We're currently working on a blog post about the improvements. The submitted code already includes the 'BaseOfData' improvements (the thesis does not).

If you specify which relocations you are referring to, we're happy to have a look and improve the technique further 😊

@scudette
Copy link
Collaborator

scudette commented Oct 4, 2025

I was thinking of the relocations needed when the binary is not built with position independent code (pic)

https://0xrick.github.io/win-internals/pe7/

In that case the binary image in memory will be different from the image on disk due to addresses being relocated by the loader.

Maybe it's not that common to have non pic binaries any more. Perhaps the artifact needs to flag that though for the analyst to ignore the results in this case

@mgreen27
Copy link
Collaborator

mgreen27 commented Oct 4, 2025

We could probably also make the powershell for CheckOneByteChanges native VQL and do the comparisons in memory to not write .mem and .disk as a tempfiles. Maybe thats a v2 though :)

@mdenzel
Copy link

mdenzel commented Oct 5, 2025

Dear @scudette & @mgreen27

Thank you again for the valuable suggestions.

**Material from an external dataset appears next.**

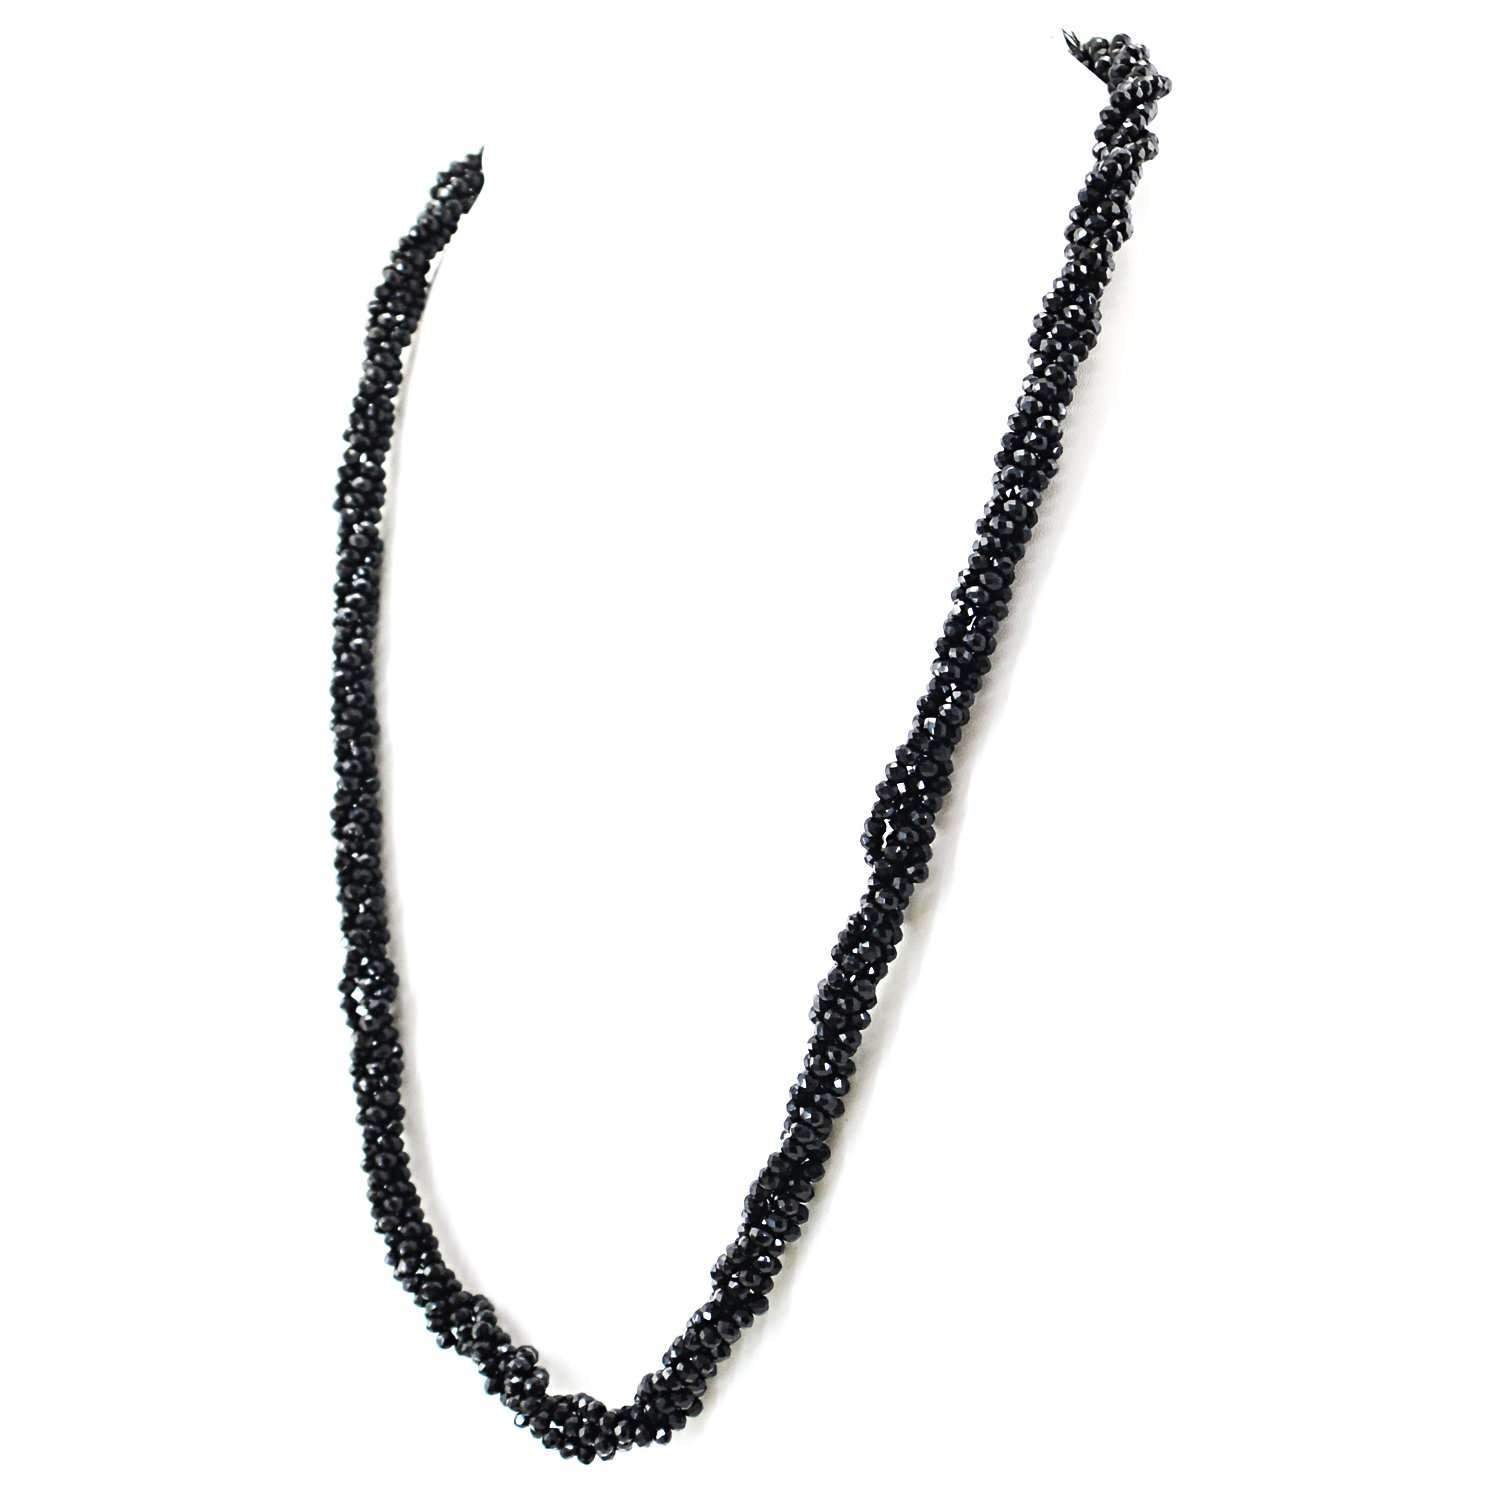 gemsmore:Natural Black Spinel Necklace Faceted Round Beads - 20 Inches Long

I checked online and in our notes. Documenting the findings here:
(position independent code = pic; position dependent code = pdc)

  • ASLR usually does not change the .text segment, so our technique is usually not affected by it
  • modern compilers/linkers by default use pic (that is probably why it always worked with us on default windows)
  • from Windows 8 on, ASLR is the standard and requires pdc to have relocation tables

So we could add another column to show if there are relocation tables/pdc.

As for why we went with powershell: I tried VQL first but I could not figure out how to iterate over a binary byte by byte. A diff or comparison is possible, but we also need to ignore changes when it is just one byte. Any ideas how to implement this in VQL?

SELECT Pid, Path, MemAddress, DiskAddress, Size,
upload(
file=format(format="/%d", args=Pid),
--offset=Address,
Copy link
Collaborator

Choose a reason for hiding this comment

The reason will be displayed to describe this comment to others. Learn more.

Did you mean to comment all these lines?

Copy link

Choose a reason for hiding this comment

The reason will be displayed to describe this comment to others. Learn more.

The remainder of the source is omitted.